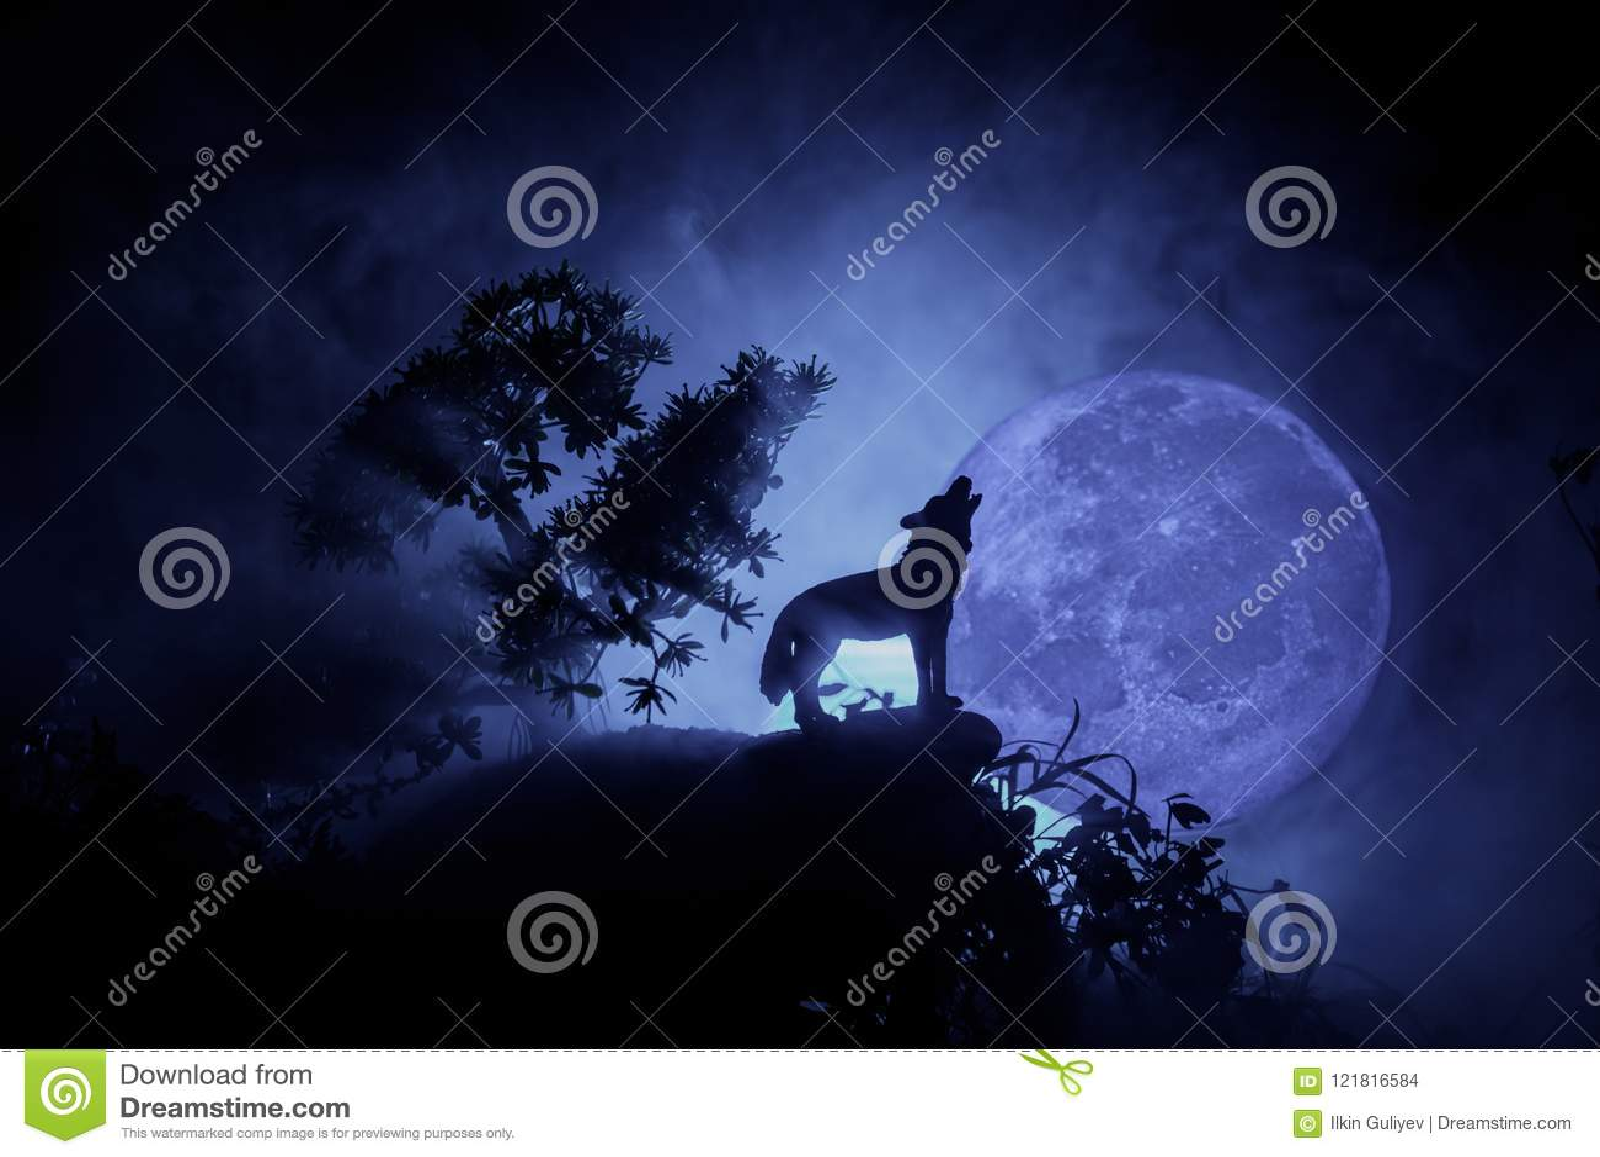 Silhueta do lobo do urro contra o fundo escuro e Lua cheia ou lobo nevoento tonificado na silhueta que urram ao máximo a lua hall
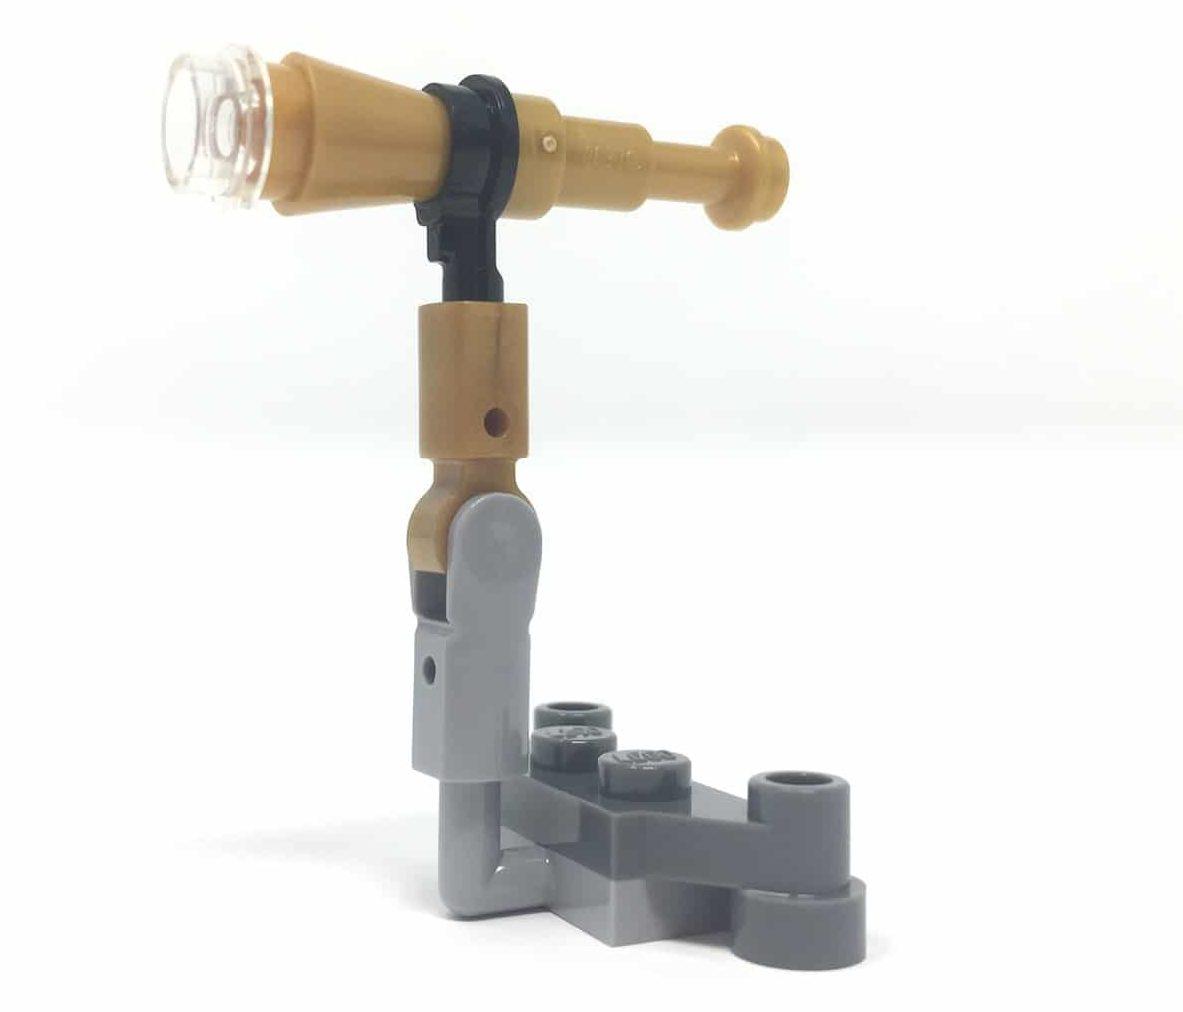 LEGO 60235 City Adventskalender 2019 Tür 21
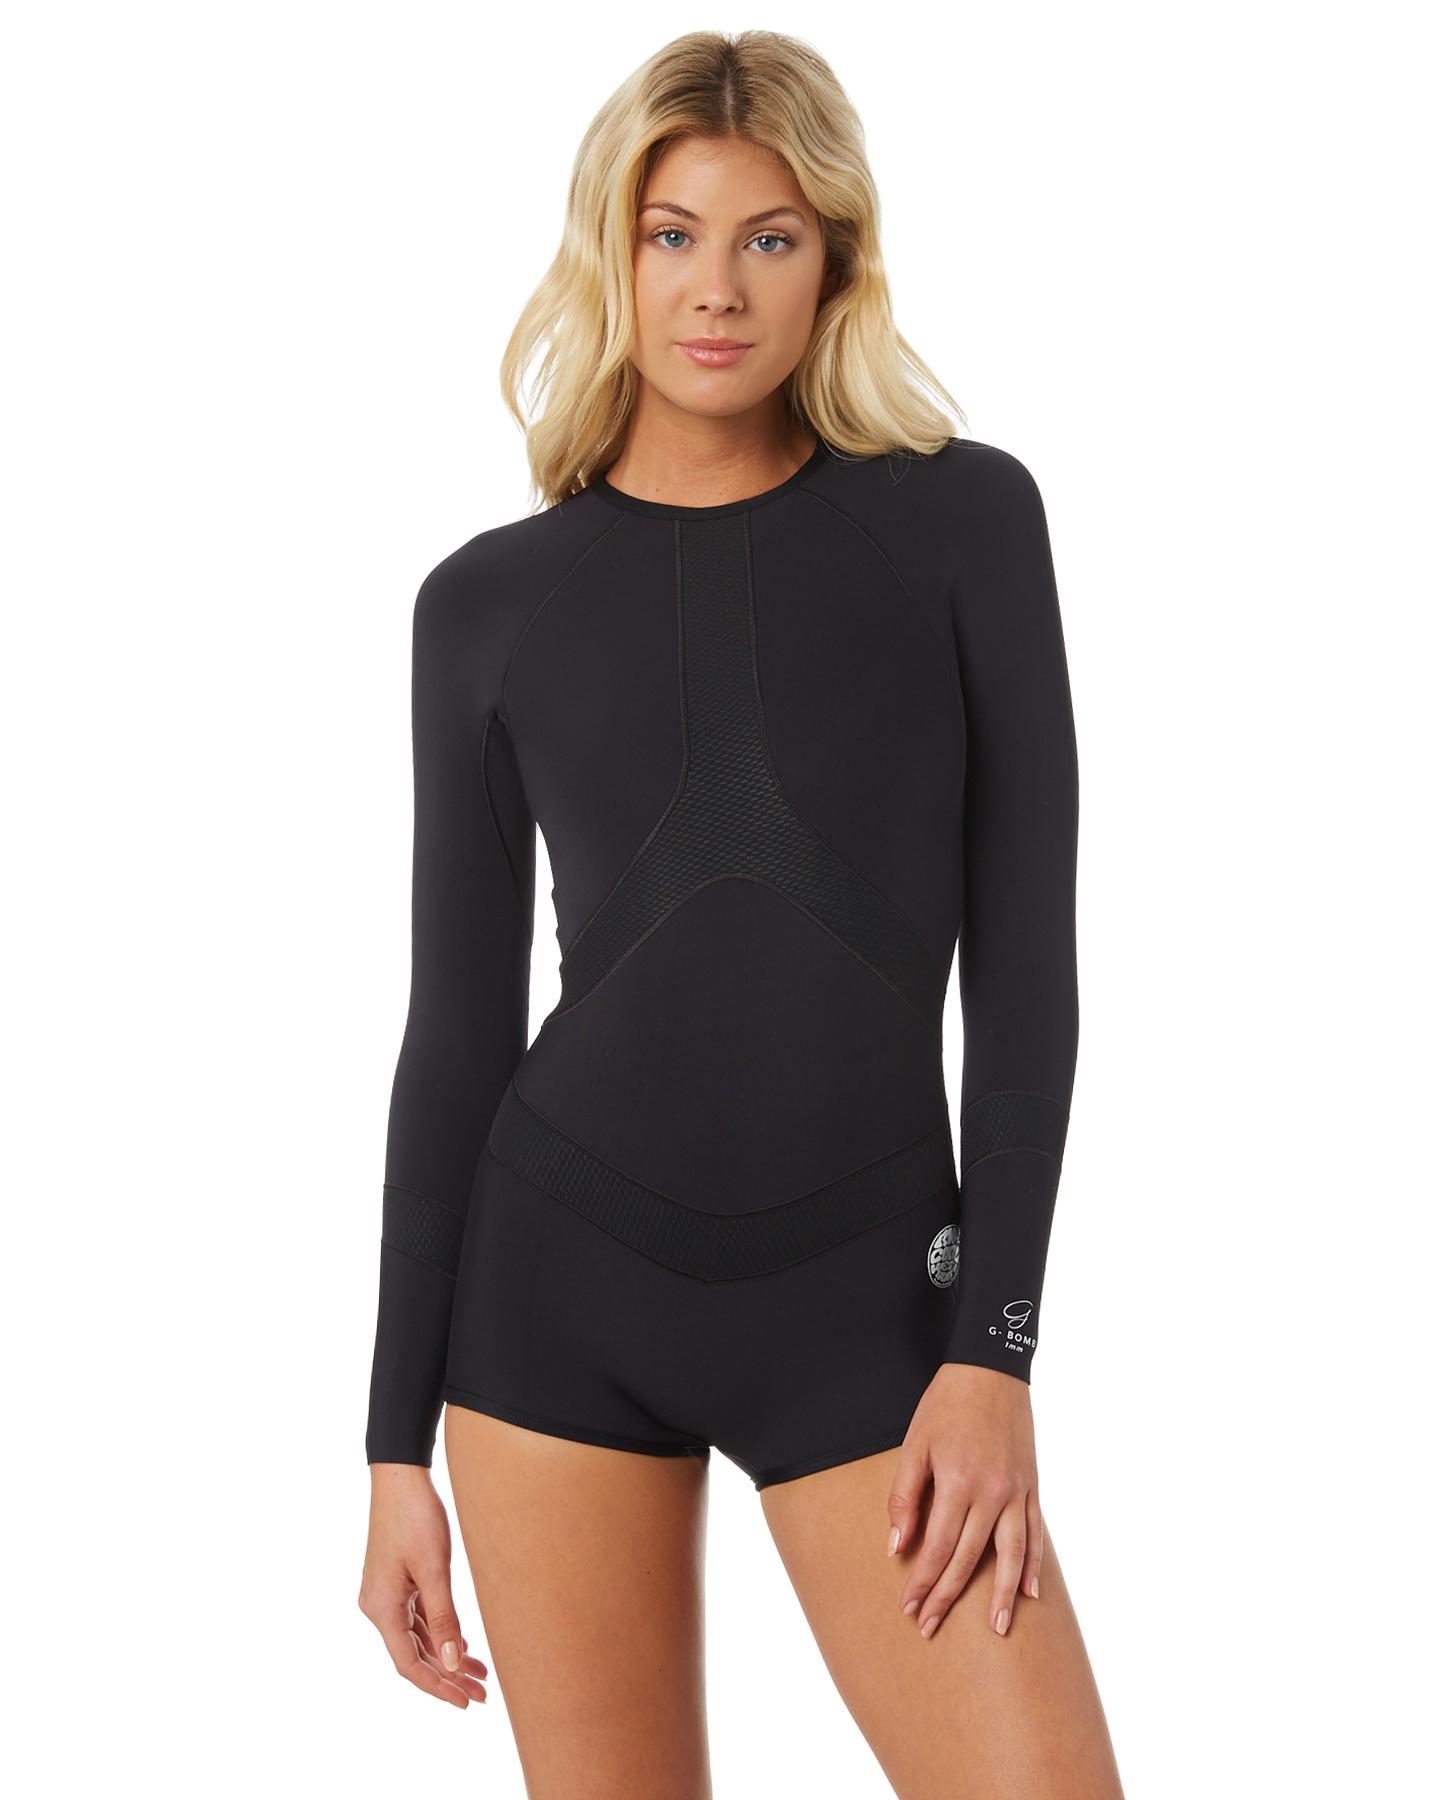 Womens Swimwear One Piece Boyleg Wetsuit Black
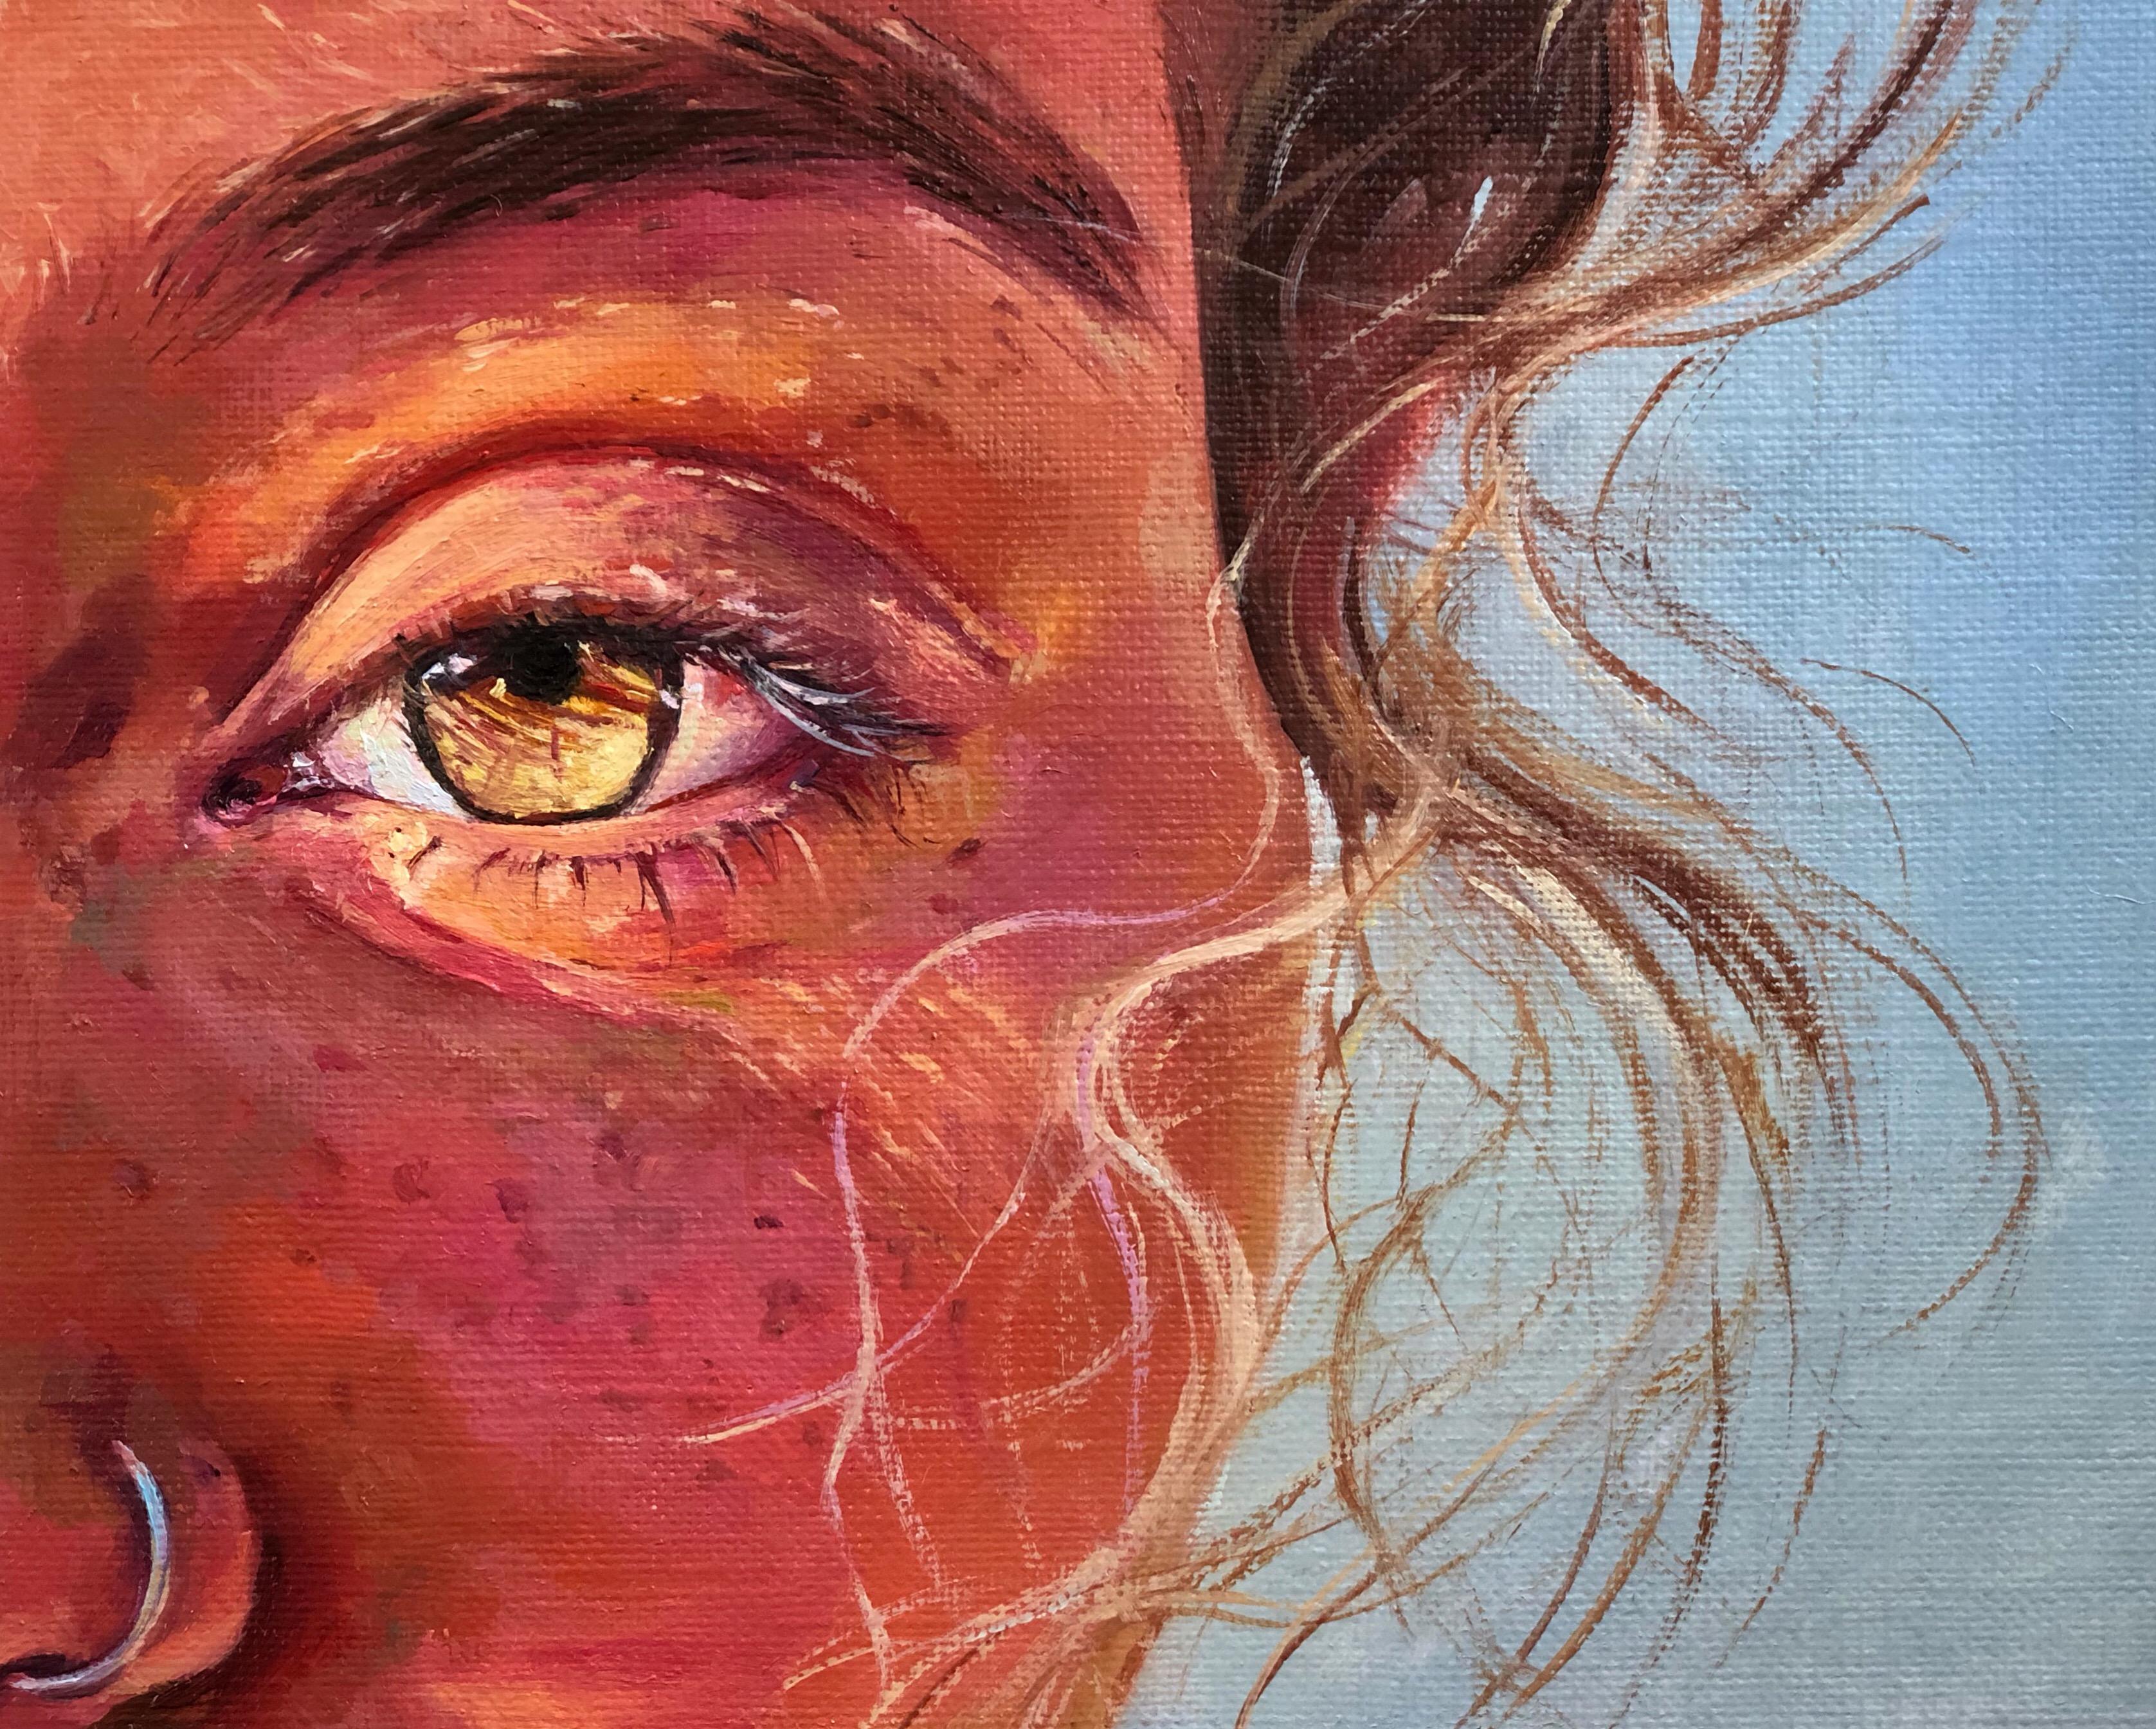 Painter Veronika Aron

..........

### Work to be completed
Starting with the line that contains "Womens Swimwear One" and ending with the last line of the data above, transcribe exactly those lines and no others, without pictures.

### Exercise solution
 Womens Swimwear One Piece Boyleg Wetsuit Black
 Painter Veronika Aron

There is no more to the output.